Unequal to Scott’s best work (The Manikin, 1996, etc.), but her voice remains one of contemporary fiction’s most eloquent...

Scott continues to swim against the literary mainstream with her seventh novel, set on the island of Elba and in the mind and memory of an elderly Italian-American woman.

In 1944, she was ten-year-old Adriana Nardi, the sheltered daughter of a wealthy family whose comfortable estate (“La Chiatta”) was a safe haven during climactic battles between Nazi and Fascist troops and the Allied armies pledged to liberate Elba (a storied place known as Napoleon’s place of exile). In the present day, she is Newark matron Mrs. Robert Rundel, who on the day after her 70th birthday, suffers a pulmonary embolism while aboard a train approaching New York’s Penn Station—as she indulges emotional reminiscences of that long-ago “liberation.” Scott juxtaposes expertly the thoughts of impulsive young Adriana and those of the Senegalese soldier she finds, hurt and hiding: Senegalese teenager Amdu Diop, who had become separated from his regiment, and who is—at Adriana’s urging—given shelter at La Chiatta.
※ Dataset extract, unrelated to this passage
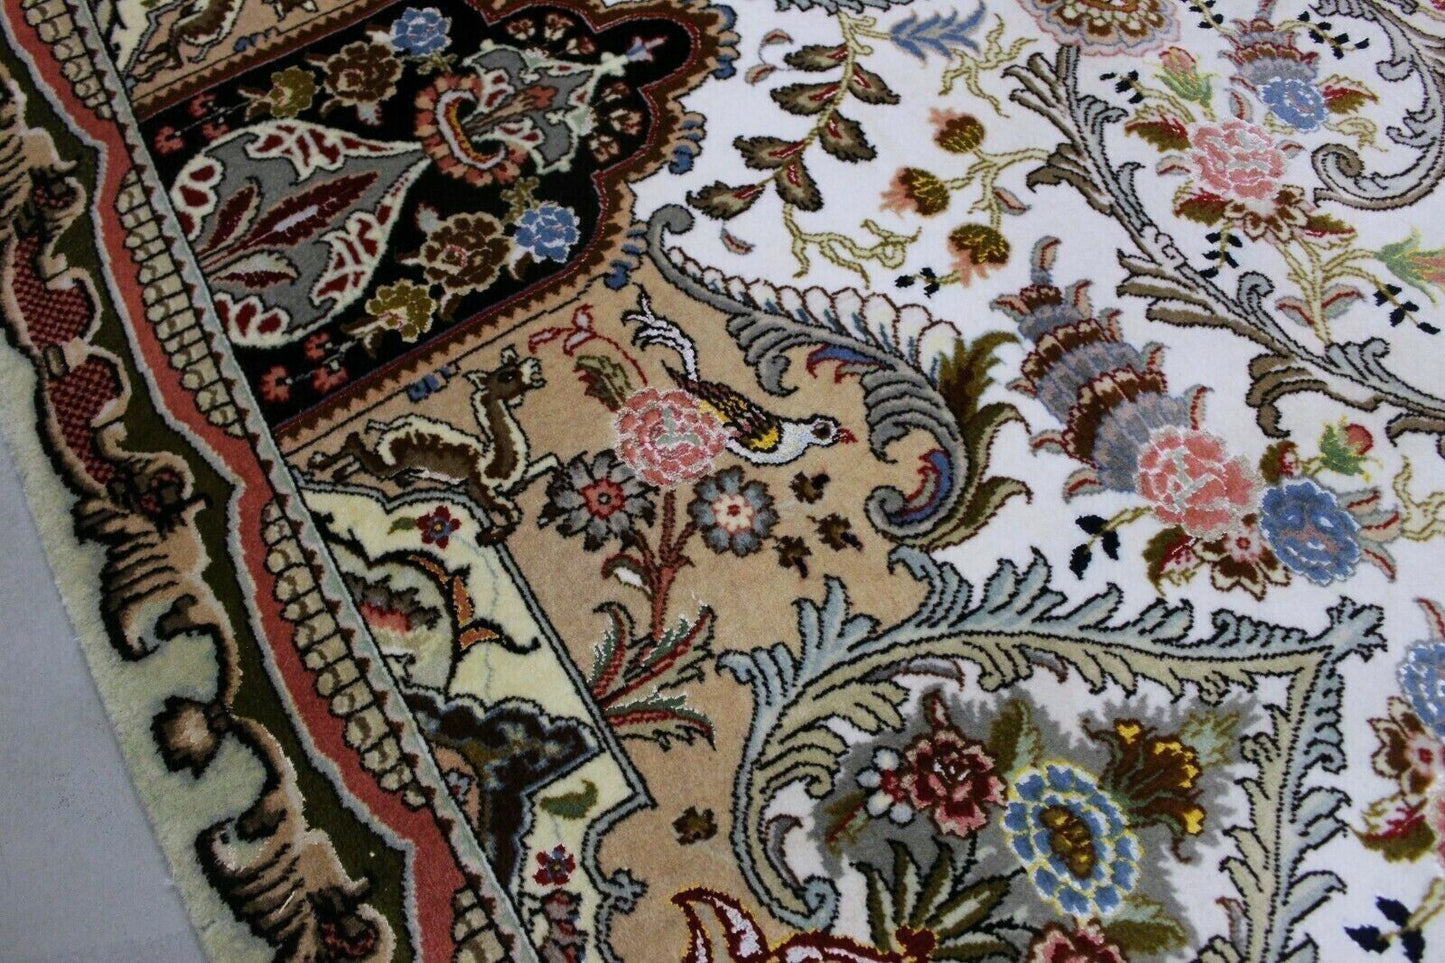 Close-up of wool base on Handmade Vintage Persian Tabriz Rug - Detailed view highlighting the high-quality woven wool base for durability and comfort.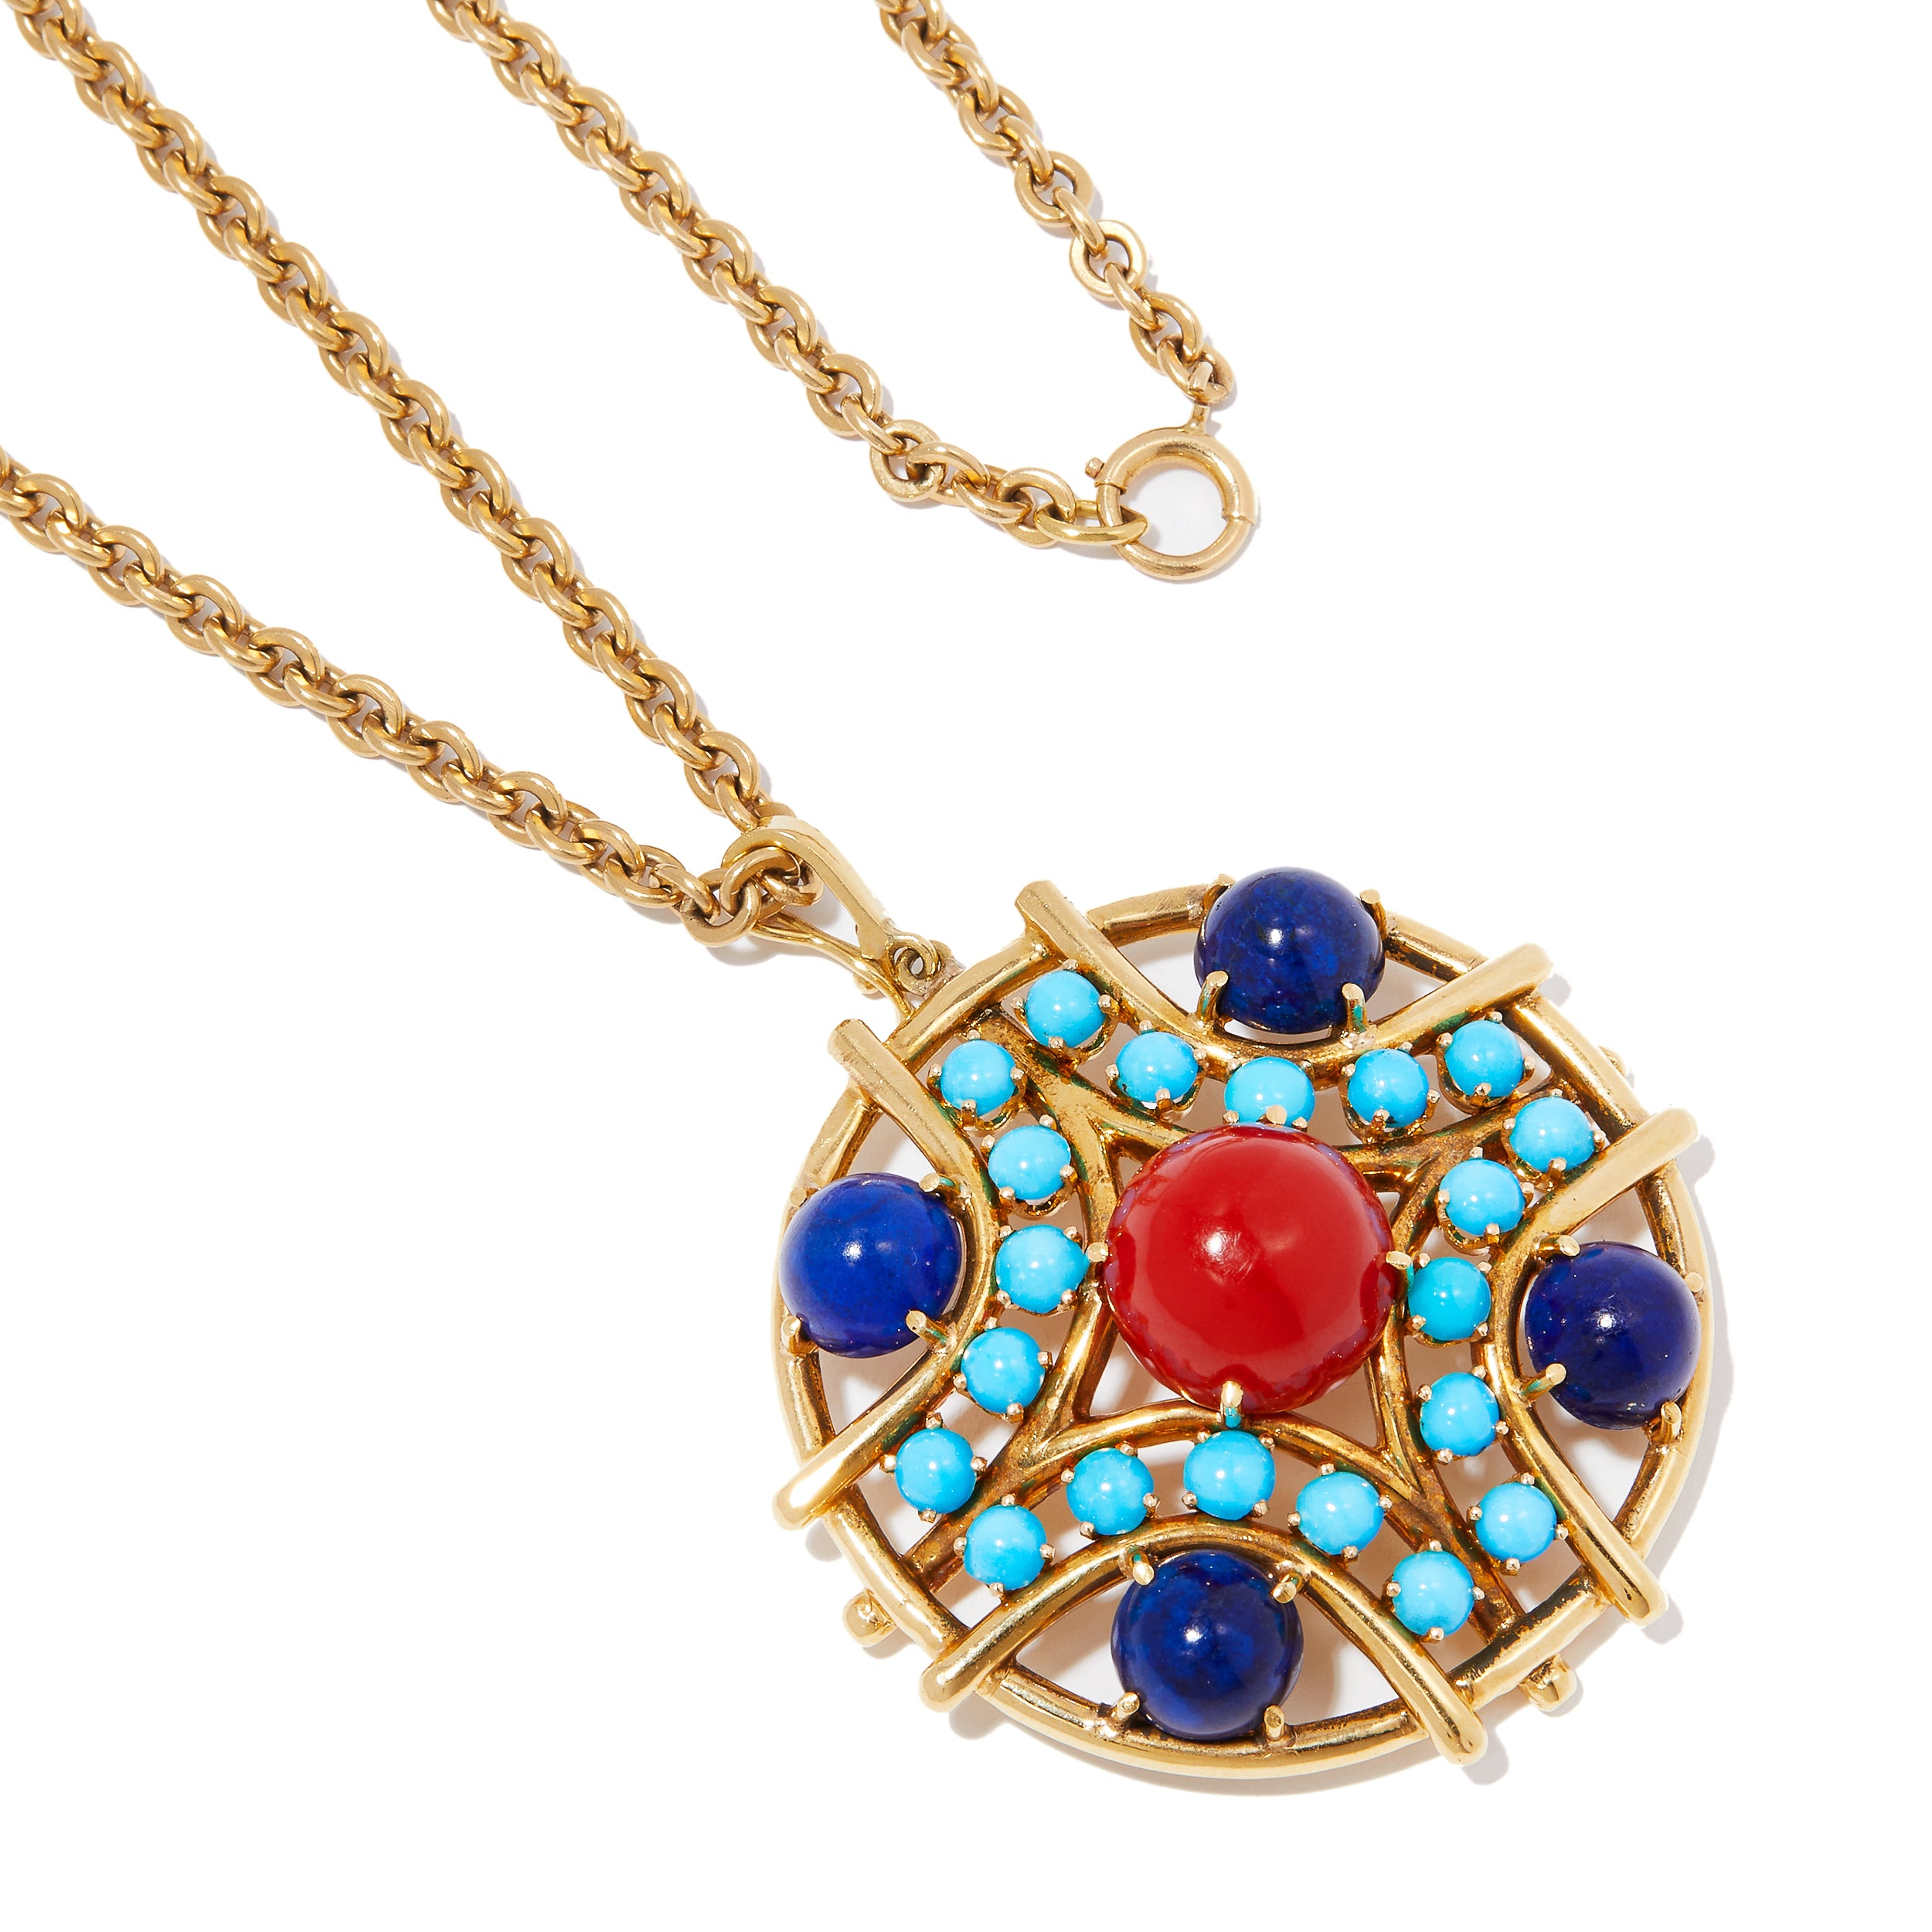 Vintage Saks Fifth Avenue gold medallion necklace with coral, turquoise, and lapis lazuli stones.

It’s a rich premise, but the story’s action lags for too long behind redundant (albeit vivid and credible) declarations of Adriana’s adoring fascination with the dark exotic stranger, and Amdu’s charmingly naïve envisionings of himself as a potential humanitarian and savior (perhaps even a saint), whose ineptness as a fighting man threaten his exile from the virtual Eden that is liberated Elba. The narrative is enriched by Scott’s renderings of the thoughts of intelligent Nardi matriarch Giulia and of her inanely self-centered brother Mario (whose actions precipitate tragic misunderstandings). But similar use of Mrs. Rundel’s fellow train passengers amount to no more than pointless distractions. Amdu and Adriana are nevertheless powerfully appealing figures, and they alone (and together) make this ungainly novel well worth reading.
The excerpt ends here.